- _Given data_:

_____

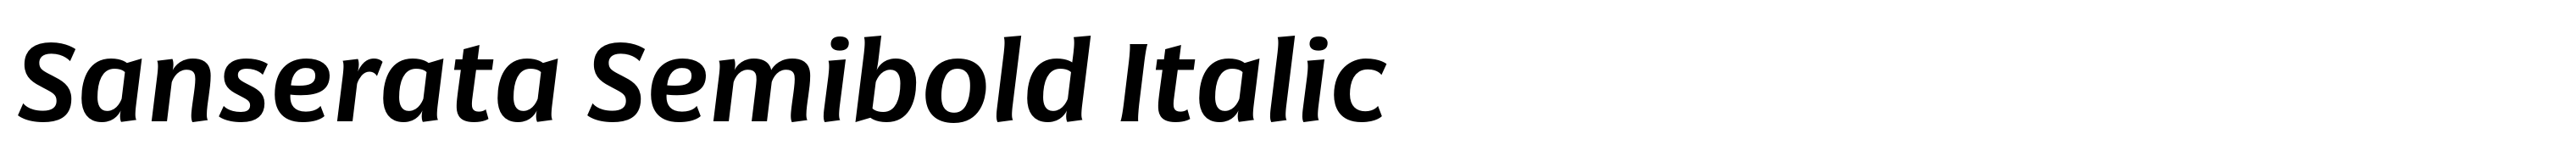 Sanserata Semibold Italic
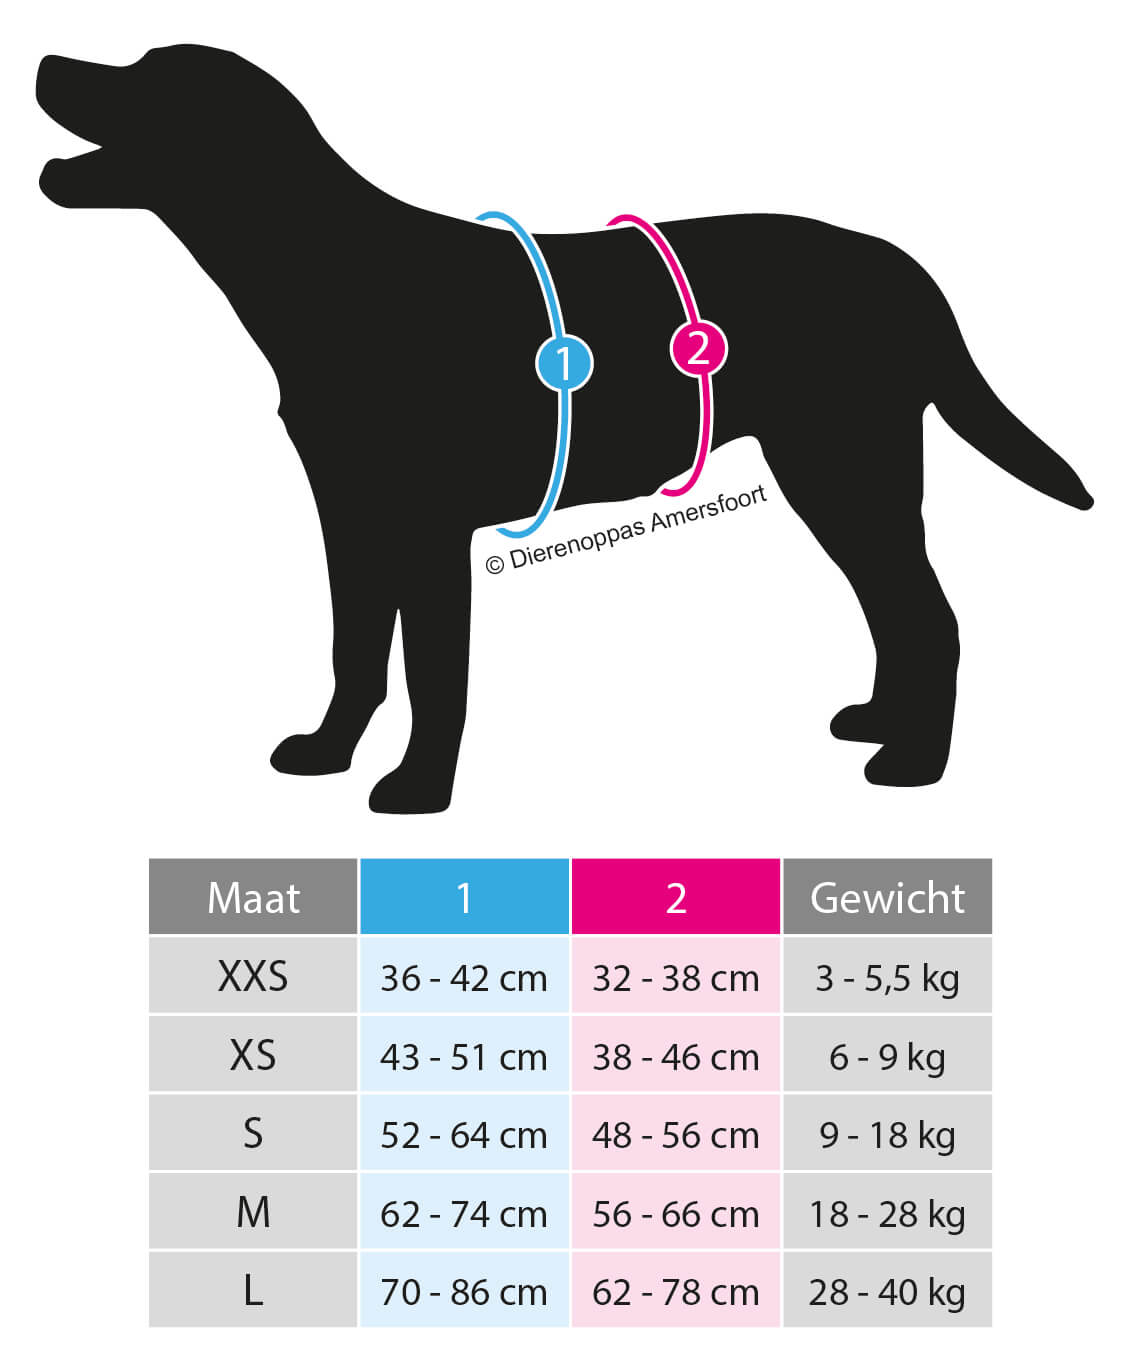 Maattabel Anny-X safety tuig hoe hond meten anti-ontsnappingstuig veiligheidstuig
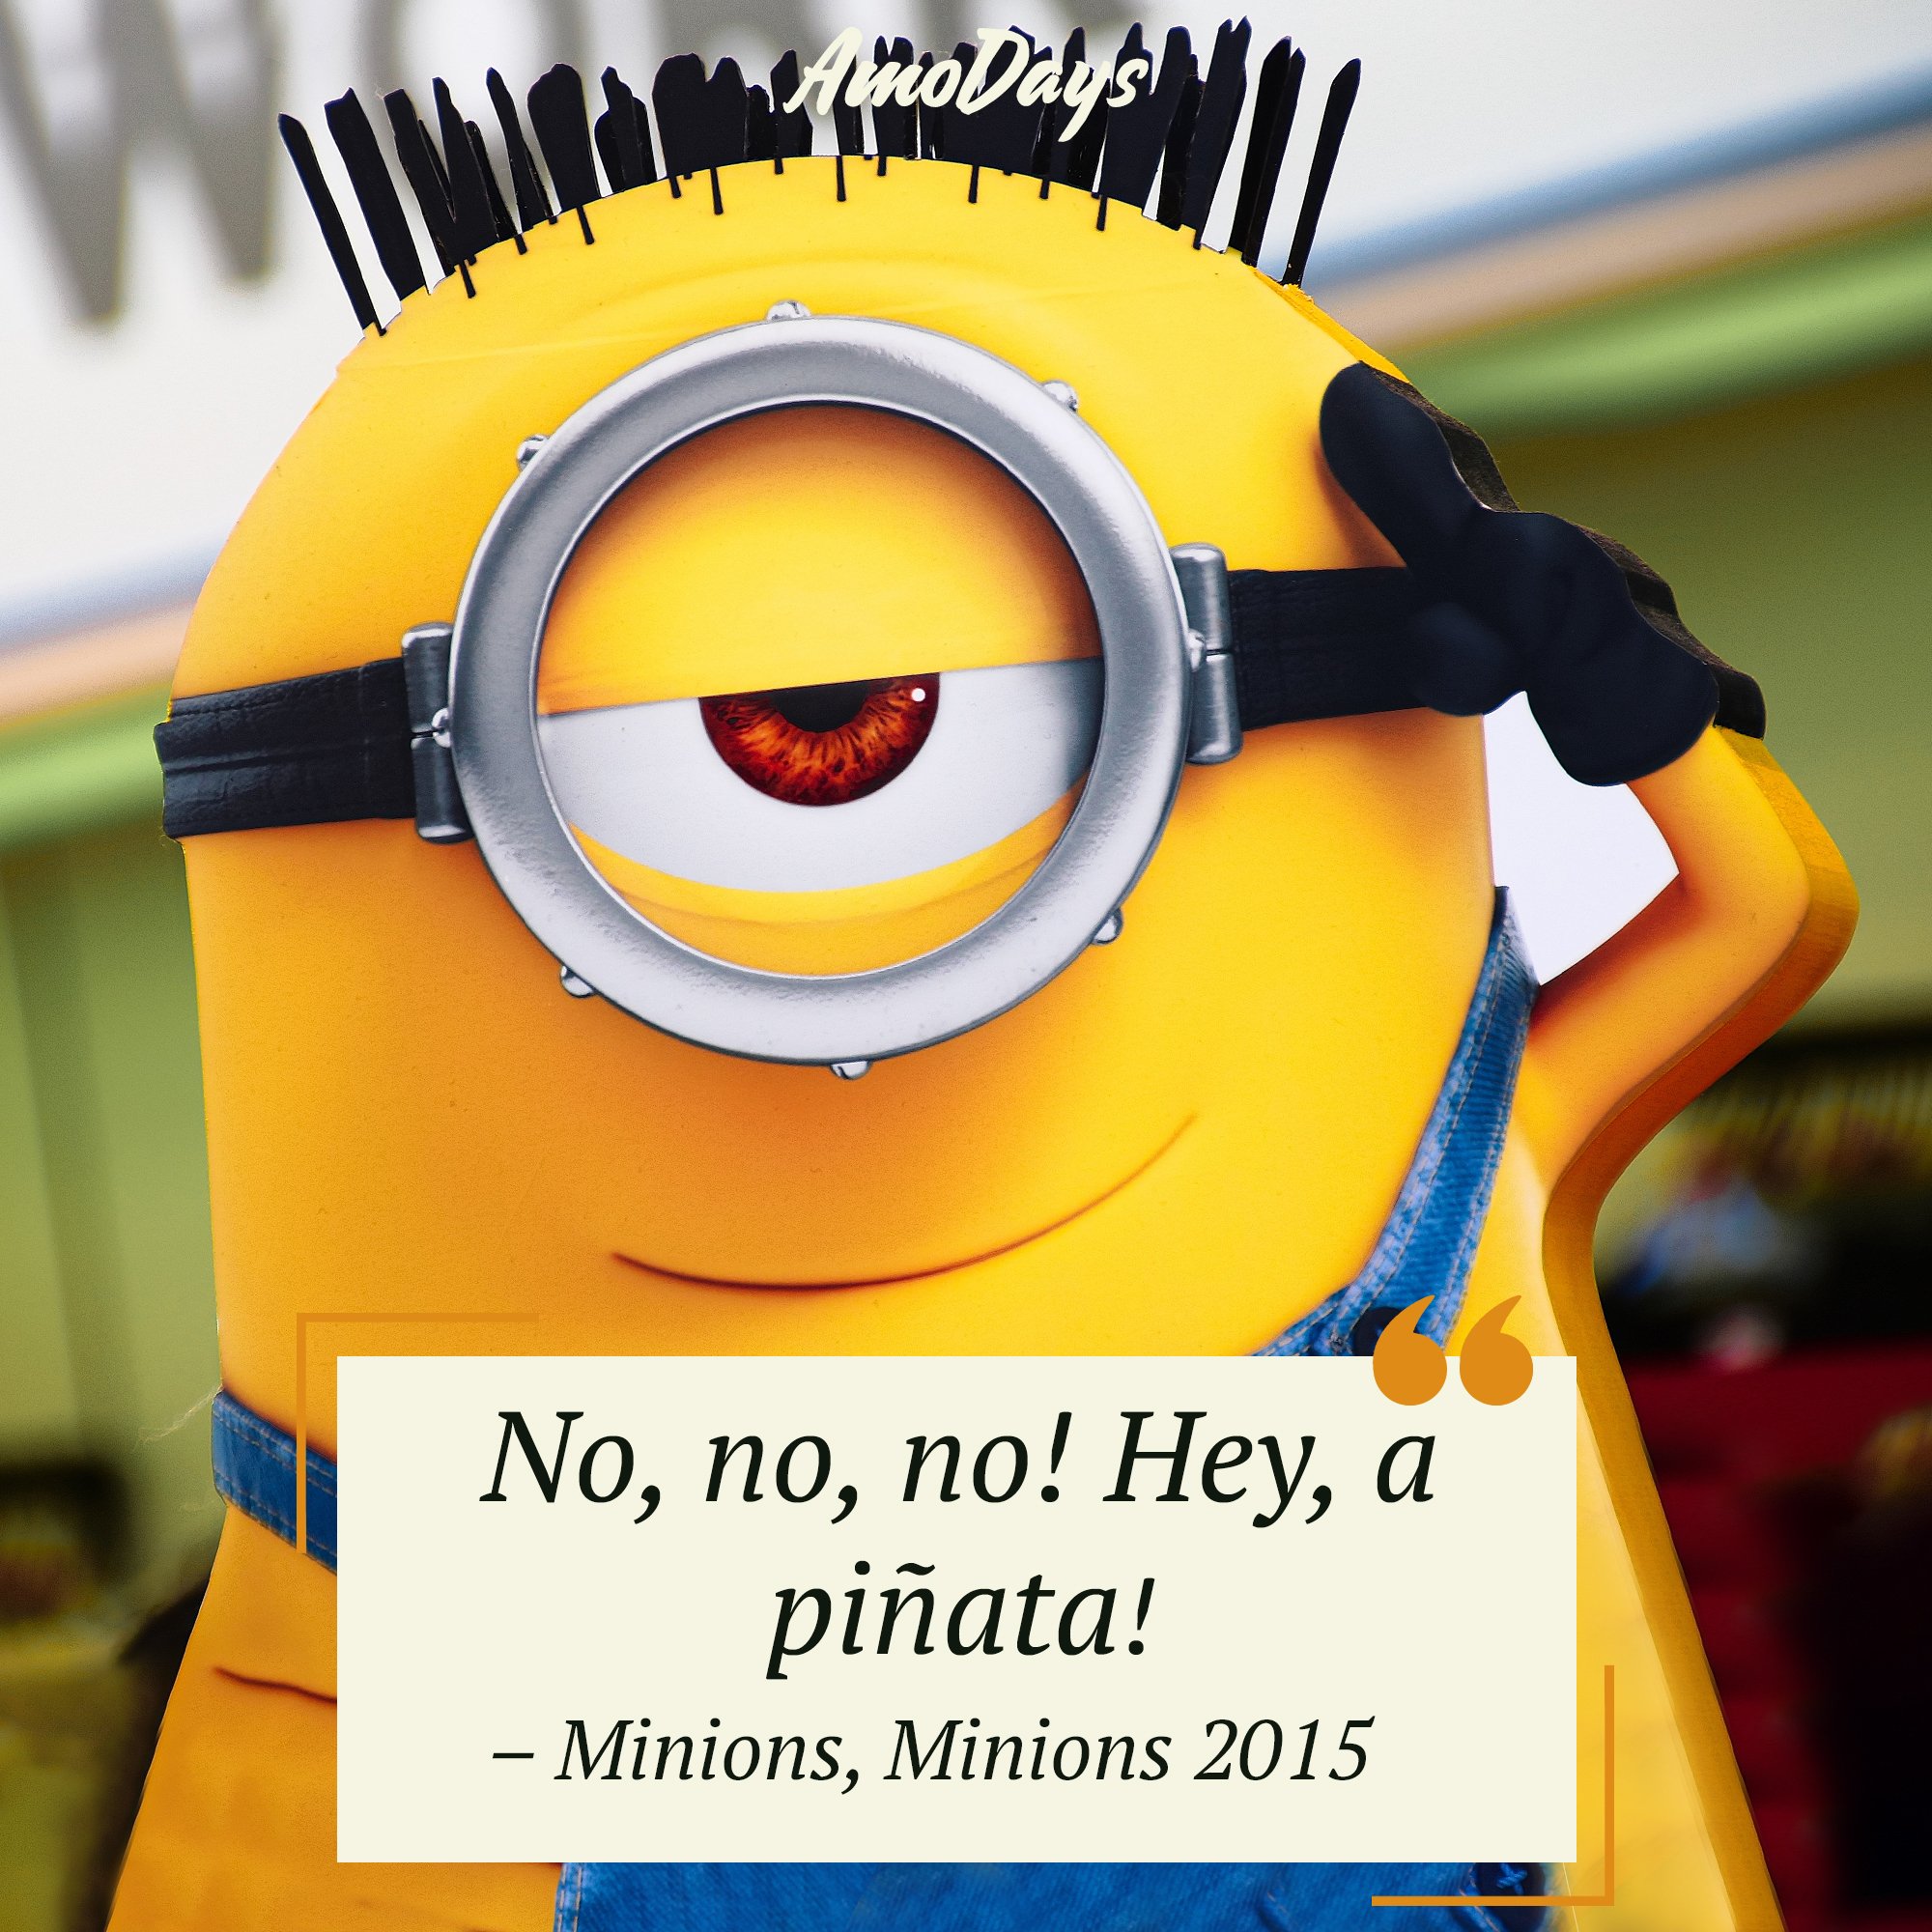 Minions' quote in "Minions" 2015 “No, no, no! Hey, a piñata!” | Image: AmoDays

_____

- _Directions for this task_: Hand back every line of the material, exactly, without the pictures.

- _Response below_:
 Sanserata Semibold Italic
 Maattabel Anny-X safety tuig hoe hond meten anti-ontsnappingstuig veiligheidstuig
 Minions' quote in "Minions" 2015 “No, no, no! Hey, a piñata!” | Image: AmoDays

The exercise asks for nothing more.